§ PROBLEM REQUIREMENTS:
Starting with the line that contains "Votive Candle Harmonia", copy each line exactly through the end of the listing, and omit all pictures.

§ STORED DATA:

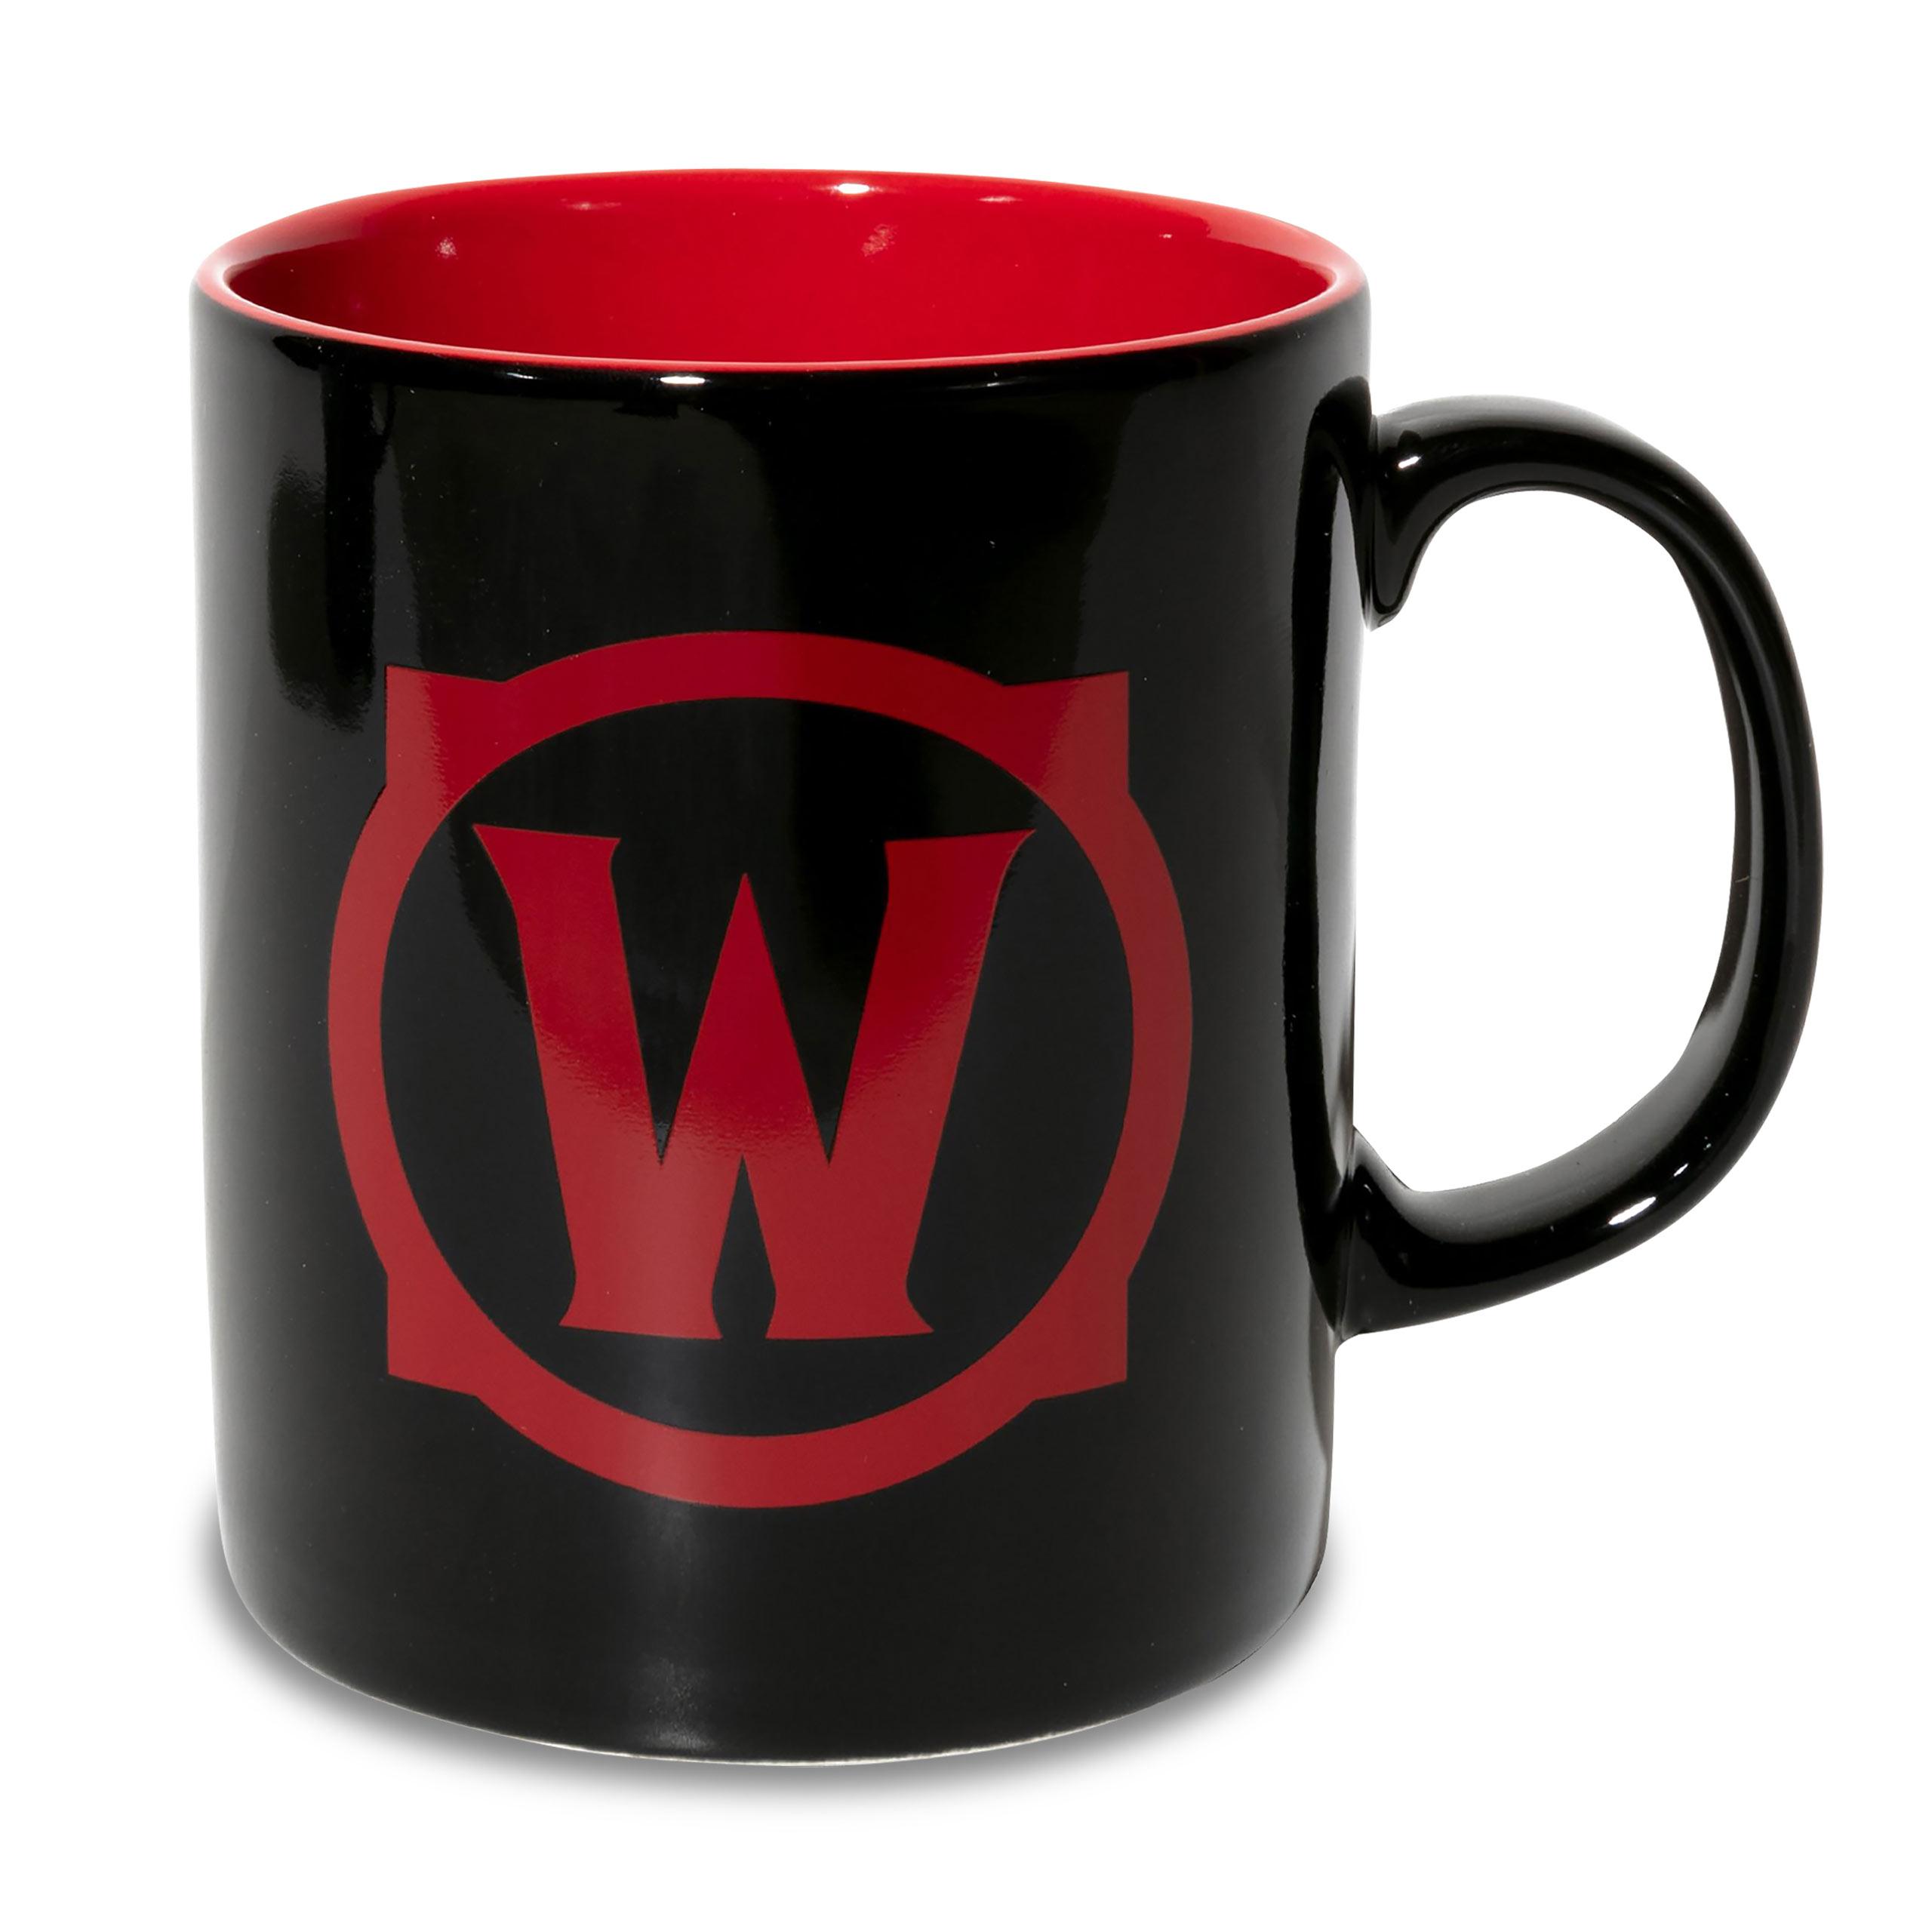 World of Warcraft - For the Horde Tasse schwarz-rot
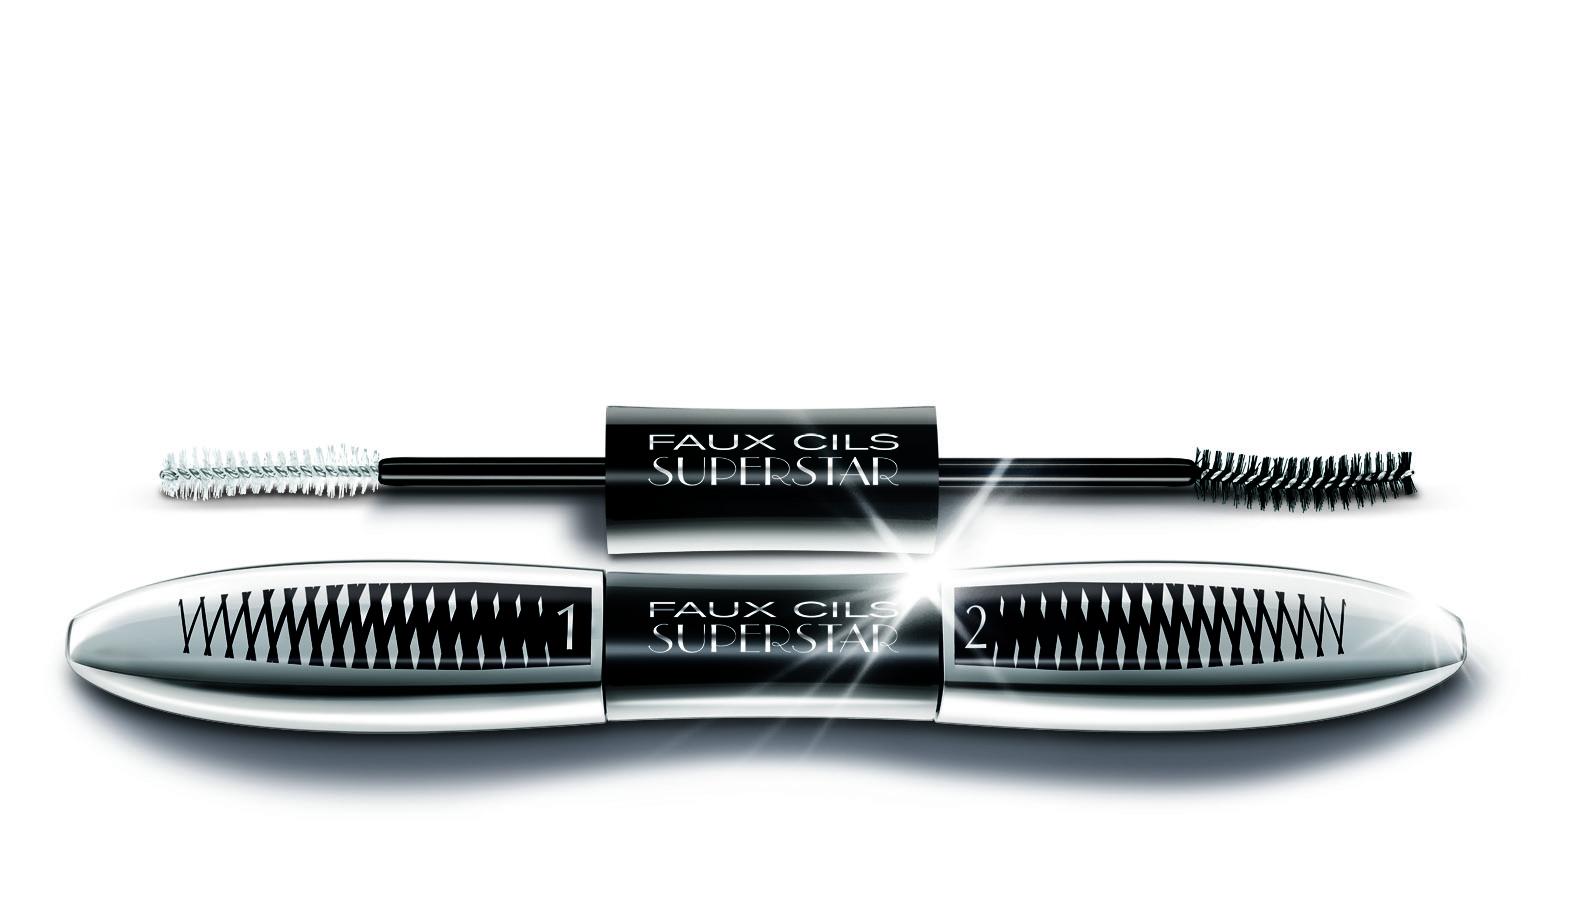 Mascara Faux Cils Superstar, L'Oréal Paris - Avis et Tests ...
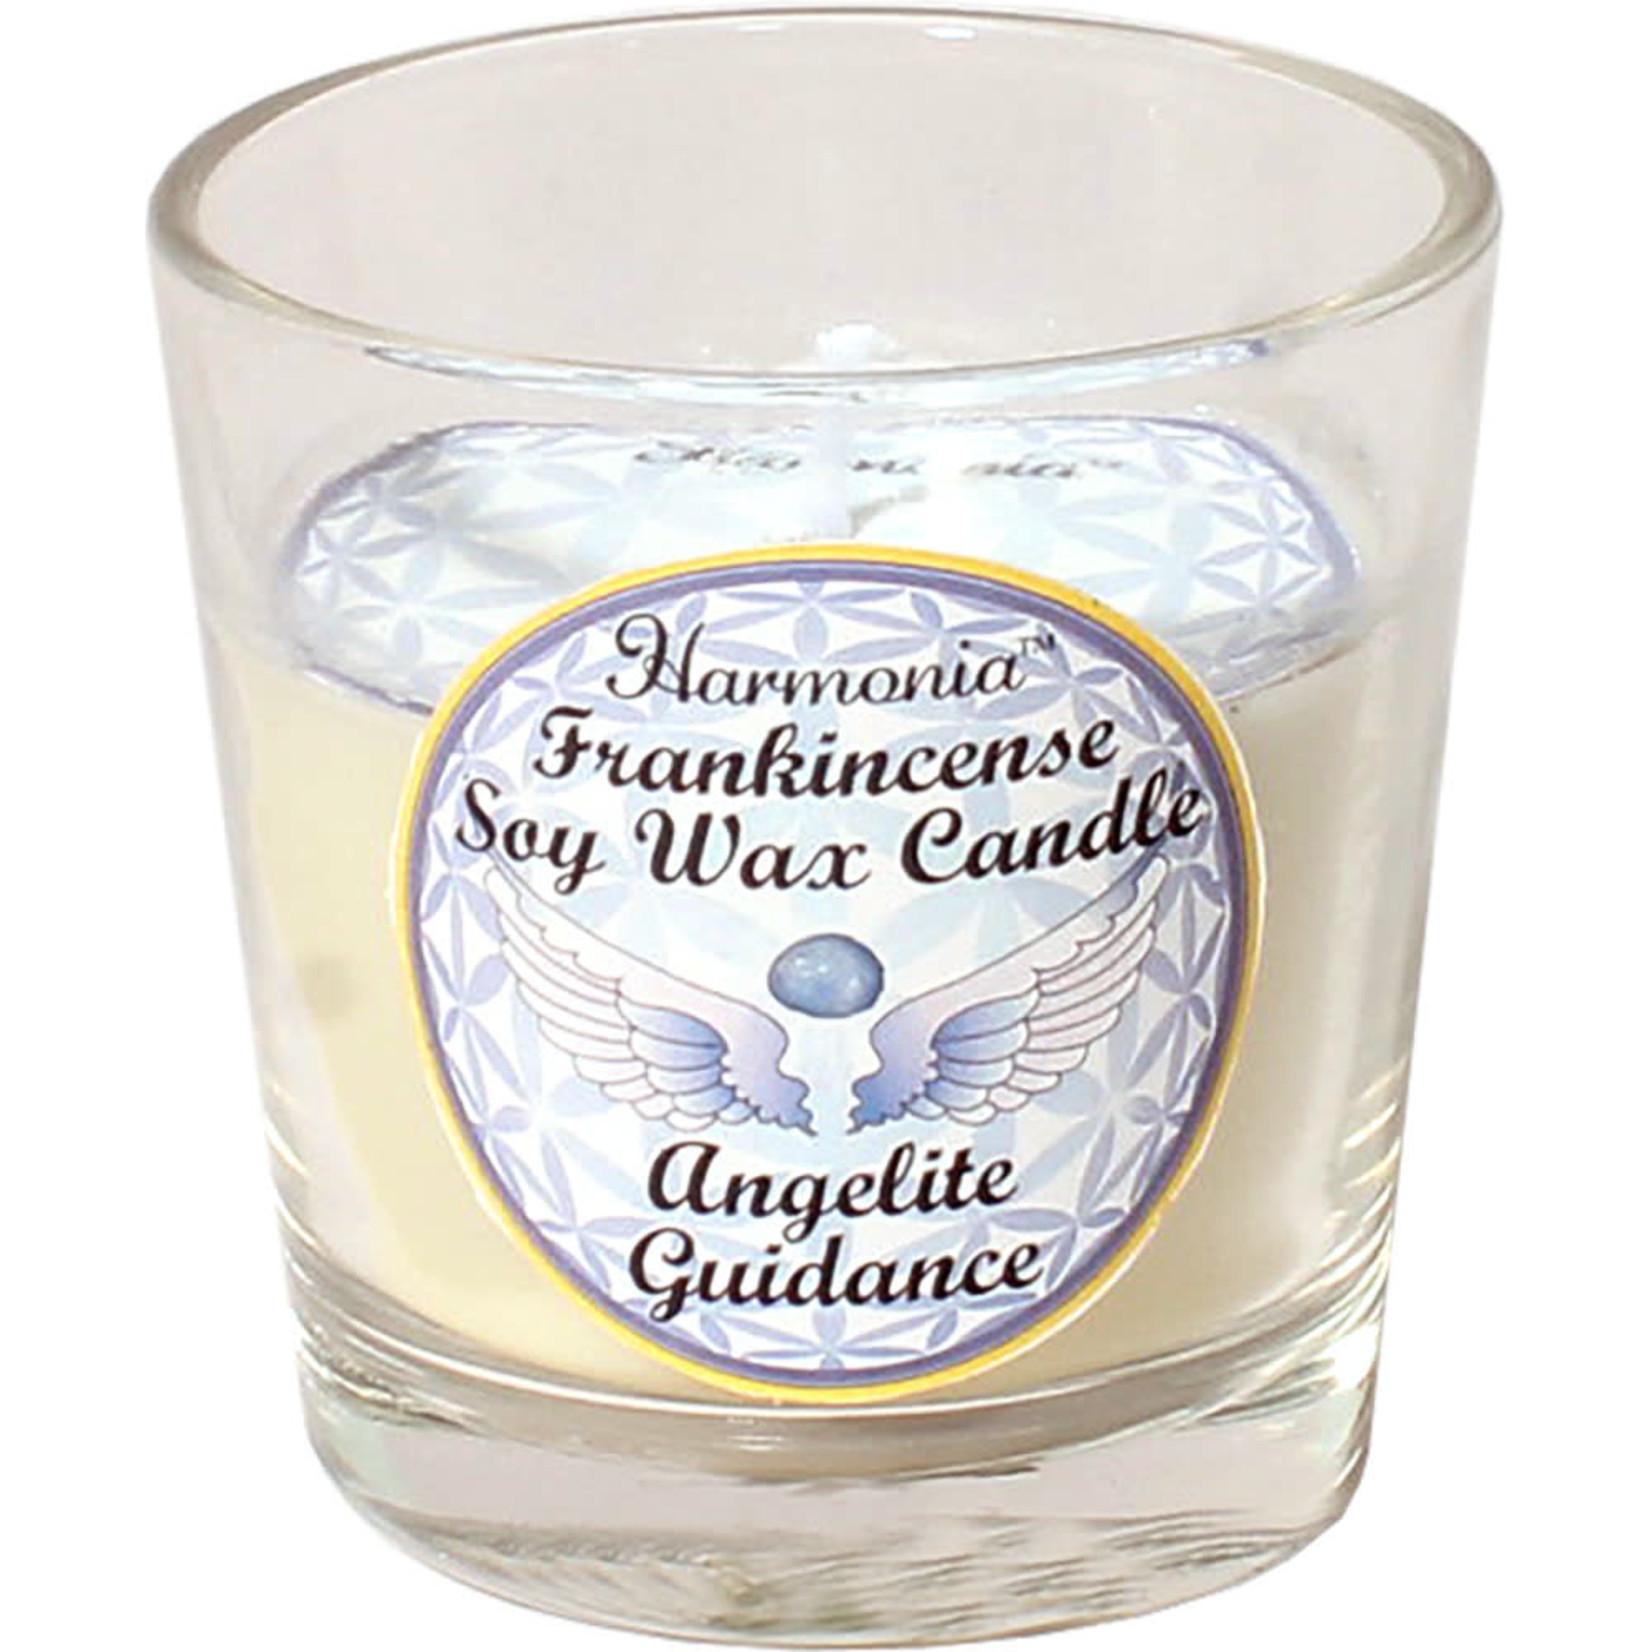 Votive Candle Harmonia Soy Gem - Guidance Angetite
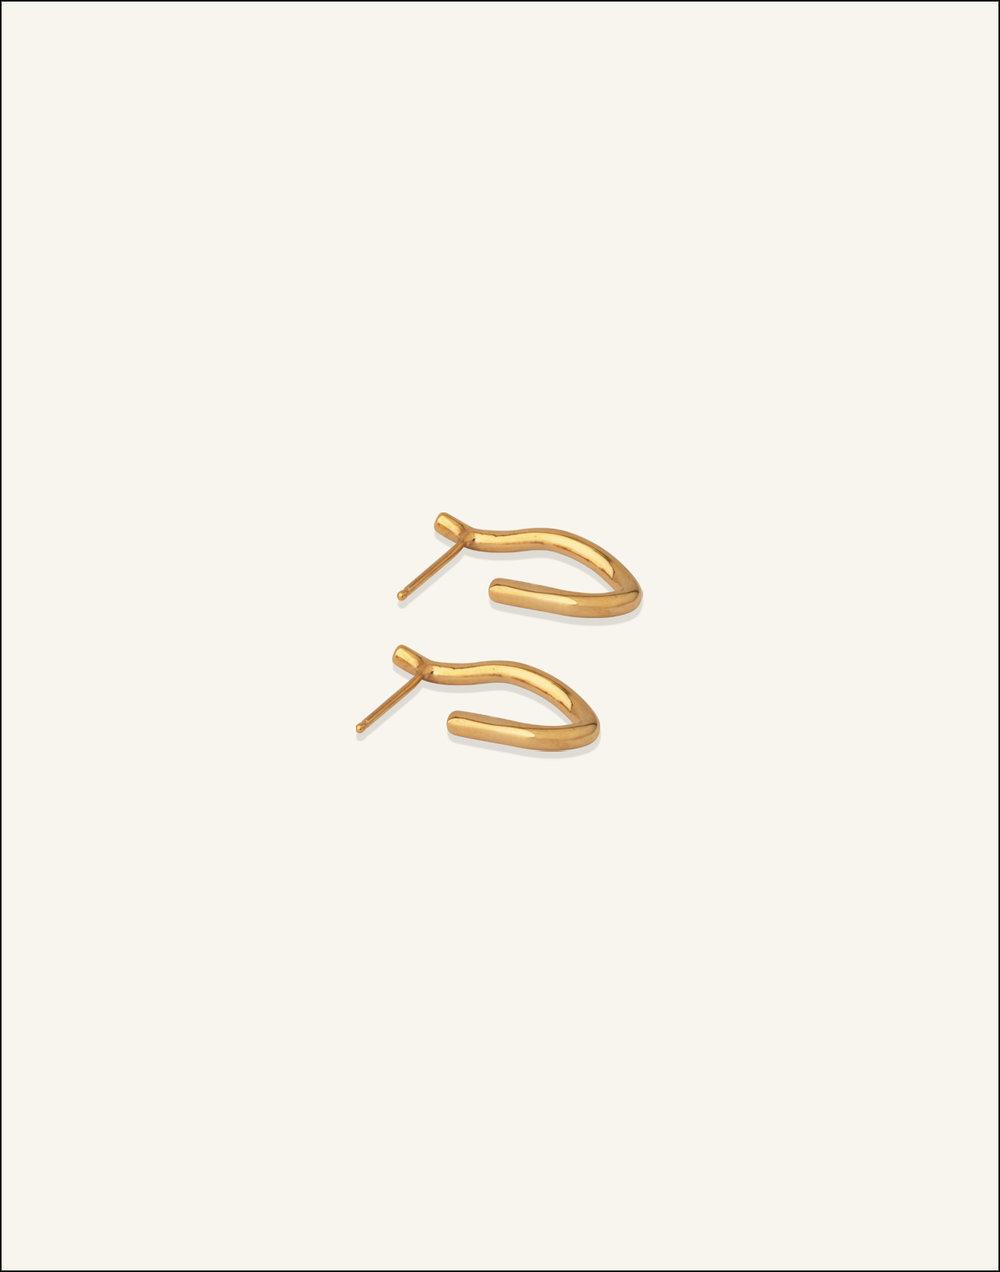 Completedworks-Earrings-Riot-II-4-1.jpg

§ RESPONSE AREA:
 Votive Candle Harmonia Soy Gem - Guidance Angetite
 Completedworks-Earrings-Riot-II-4-1.jpg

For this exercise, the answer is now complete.